Core Concepts
Linear complexity attention mechanism in VRWKV offers efficient and scalable visual perception.
Abstract
Vision-RWKV introduces a model adapted from the RWKV model used in the NLP field for vision tasks. It efficiently handles sparse inputs, demonstrating robust global processing capabilities while scaling effectively. The reduced spatial aggregation complexity allows seamless processing of high-resolution images without windowing operations. Evaluations show that VRWKV matches ViT's classification performance with faster speeds and lower memory usage. In dense prediction tasks, it outperforms window-based models while maintaining comparable speeds. The model shows potential as an efficient alternative for visual perception tasks.
Stats
VRWKV-T achieves 75.1% top-1 accuracy trained only on ImageNet-1K, outperforming DeiT-T by 2.9 points.

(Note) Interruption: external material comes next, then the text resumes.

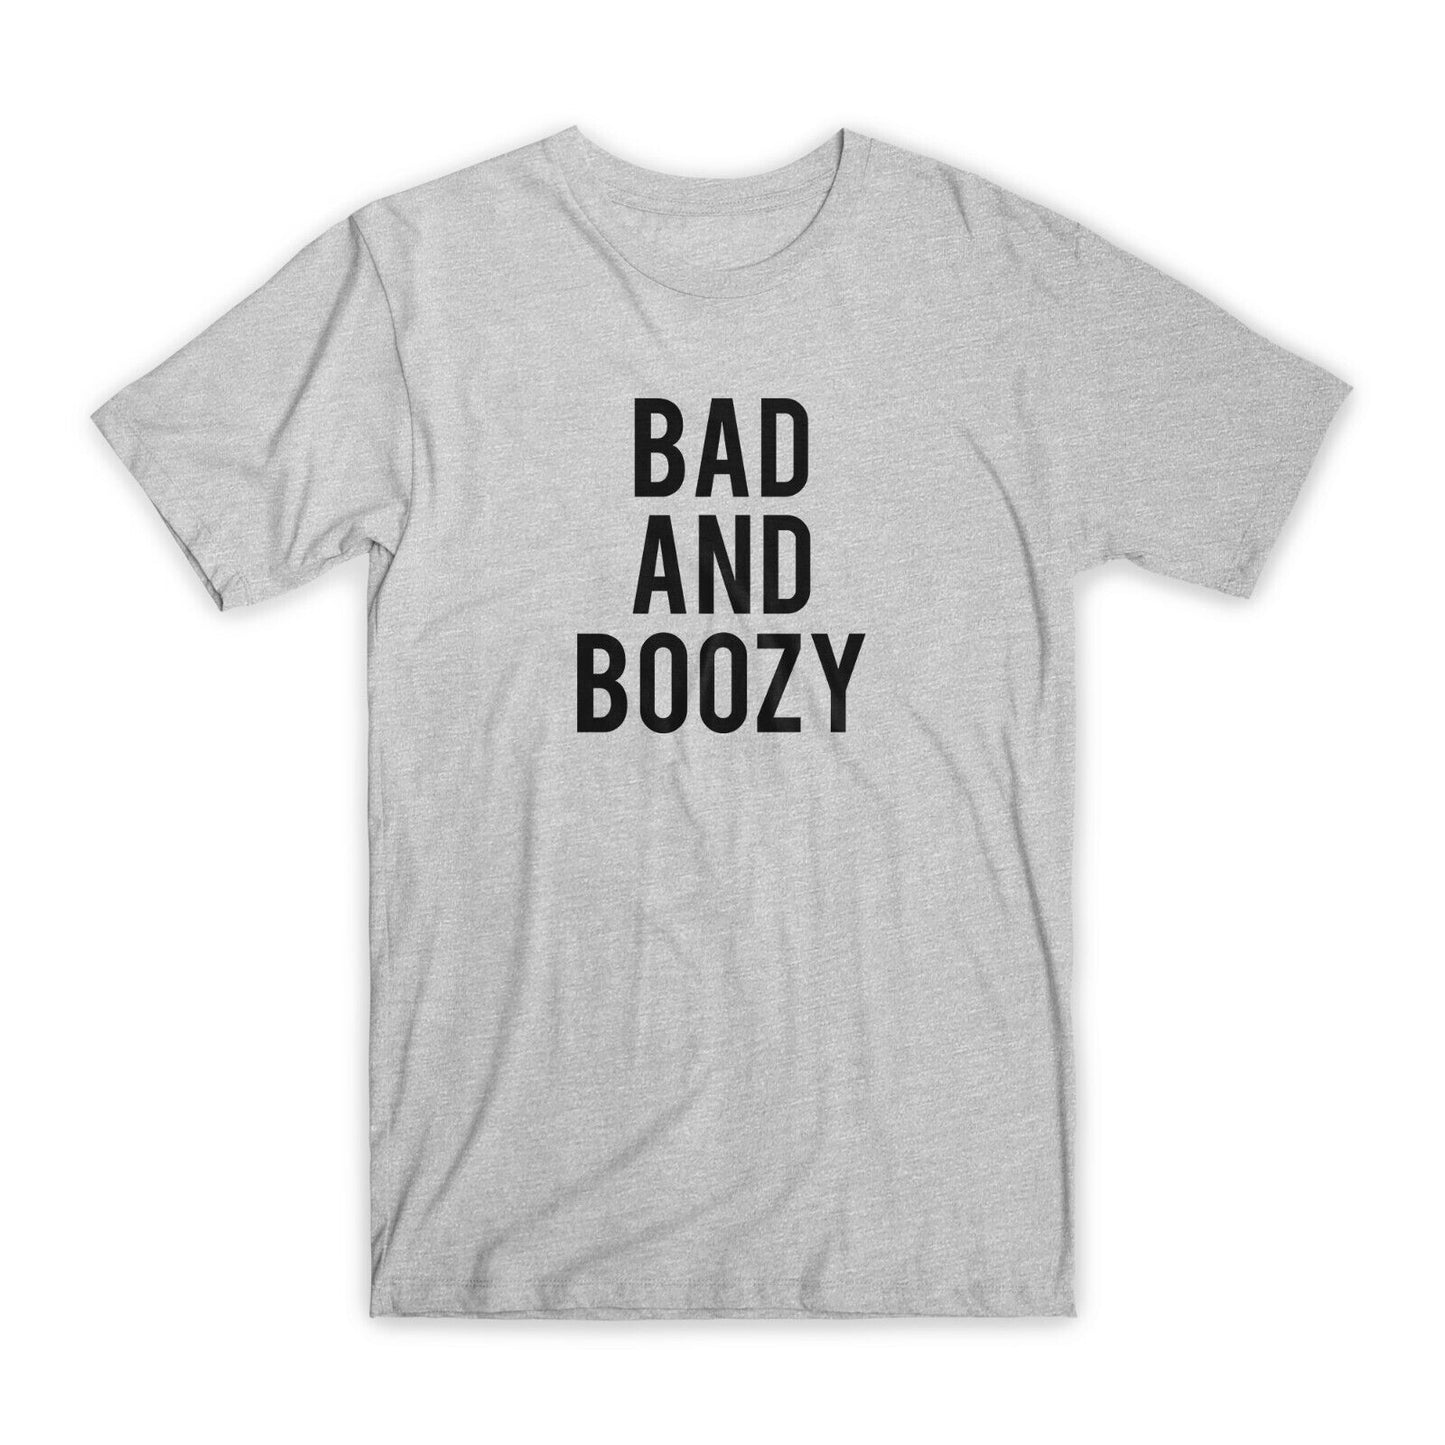 Bad and Boozy T-Shirt Premium Soft Cotton Crew Neck Funny Tees Novelty Gifts NEW
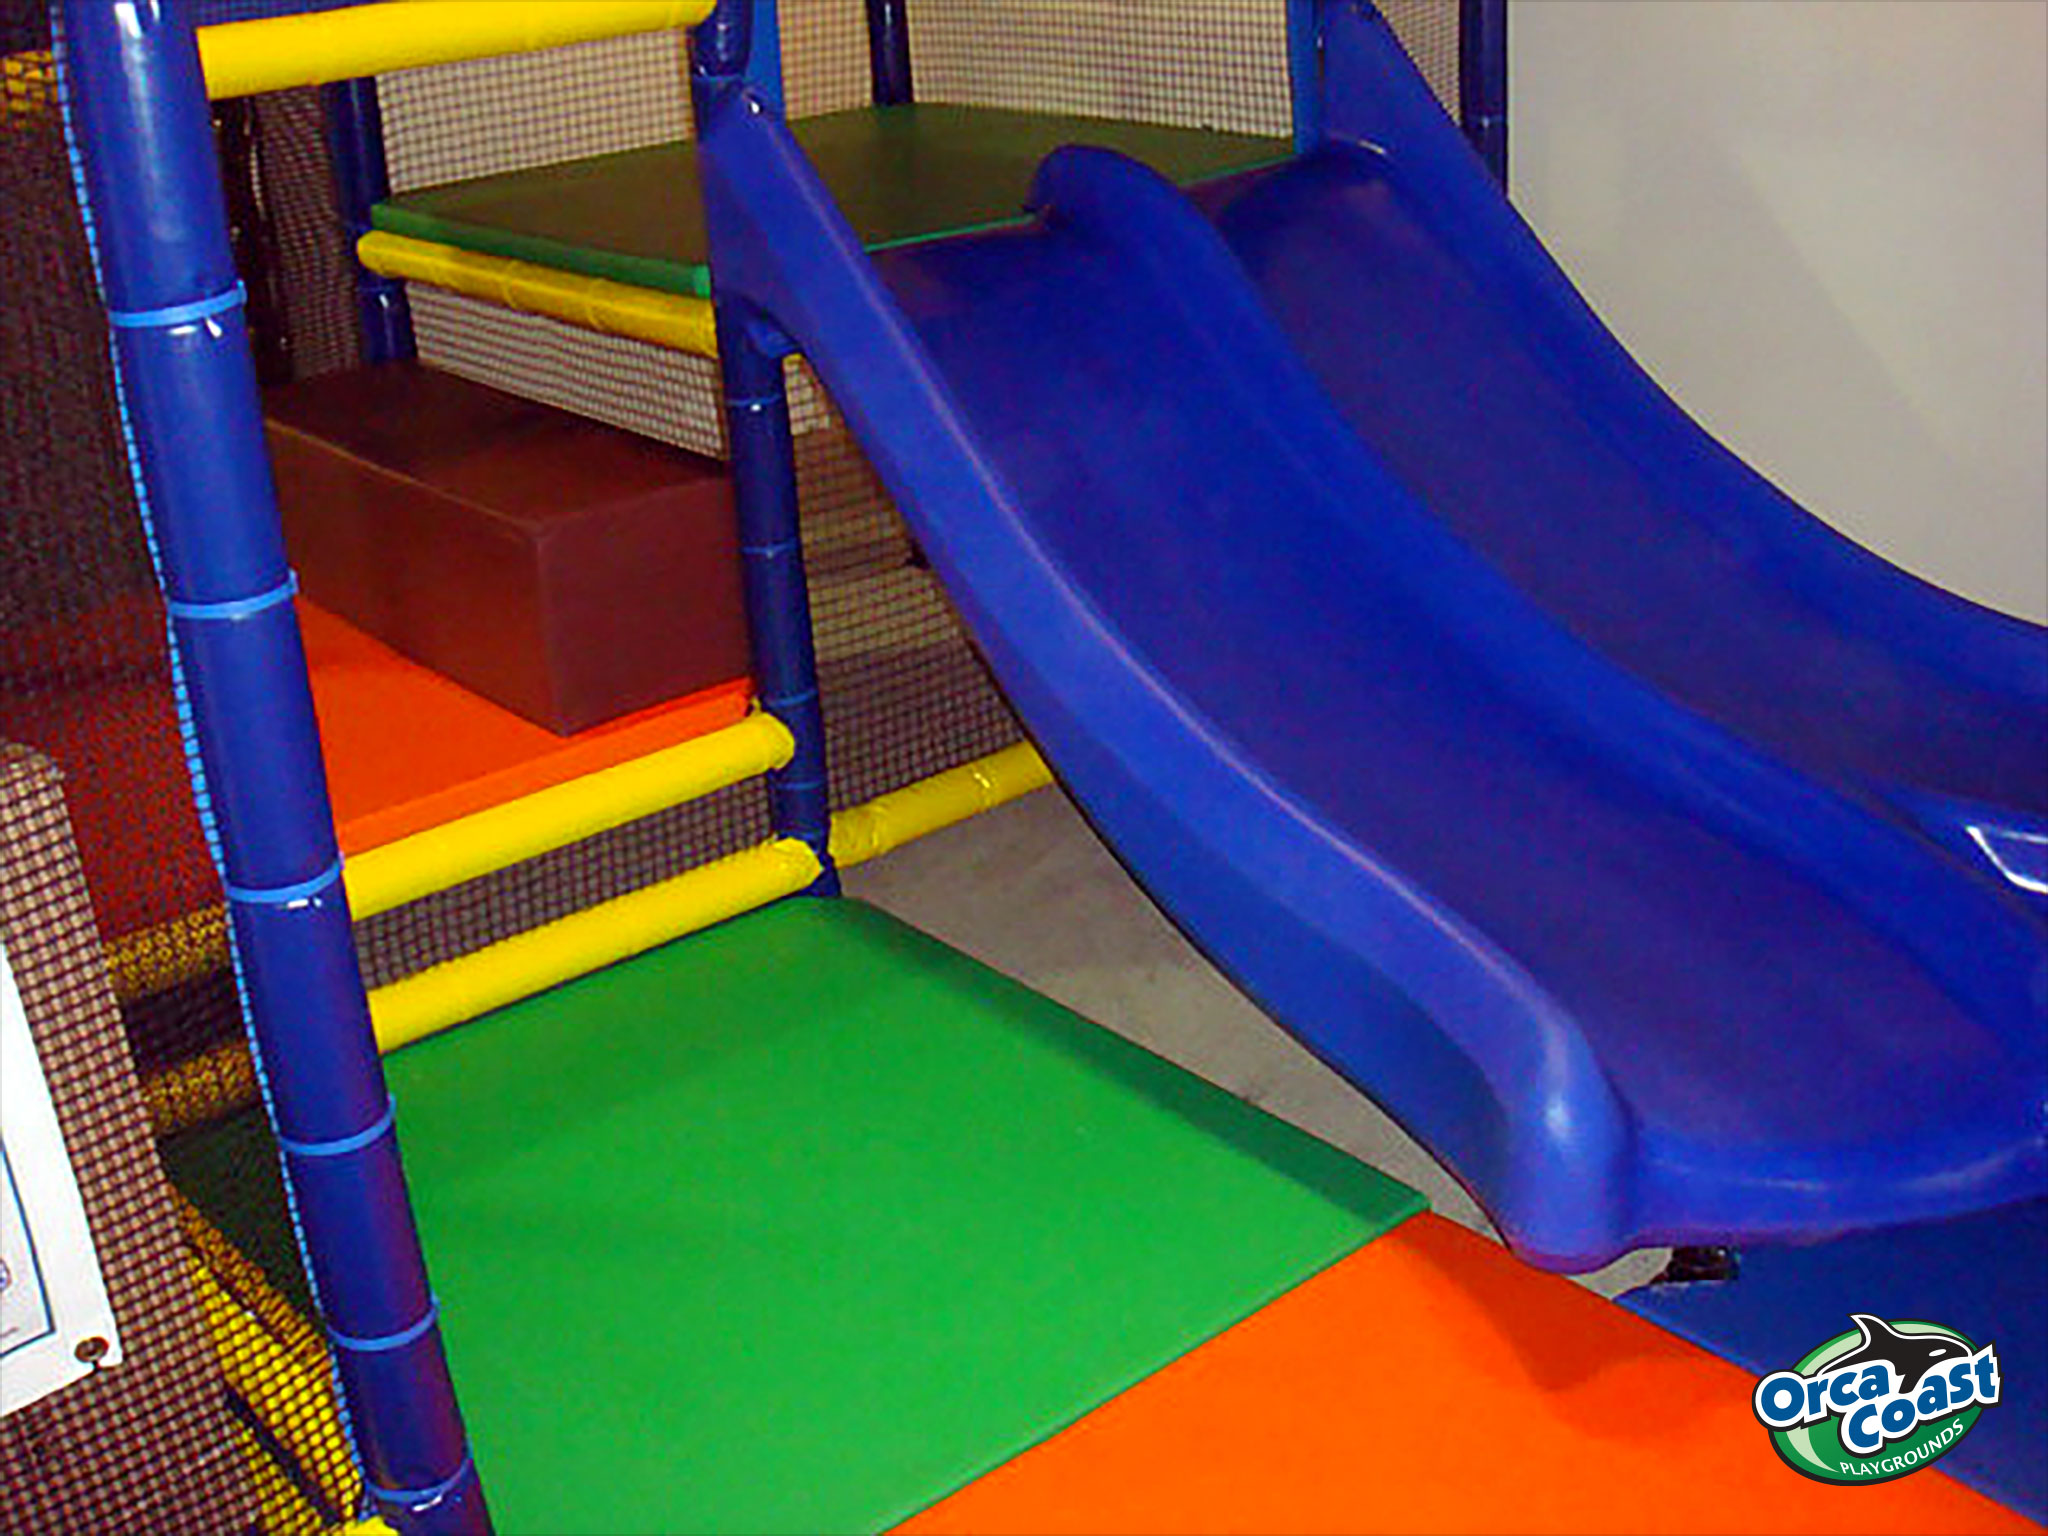 Joso’s Play and Learn Centre #1: Innovative Play in Calgary, AB

VRWKV-L achieves a top-1 accuracy of 85.3% on ImageNet-22K, slightly higher than ViT-L.
On COCO dataset, VRWKV-L achieves 50.6% box mAP, 1.9 points better than ViT-L.
Quotes
"VRWKV matches ViT's classification performance with significantly faster speeds and lower memory usage."
"Our evaluations highlight VRWKV’s potential as a more efficient alternative for visual perception tasks."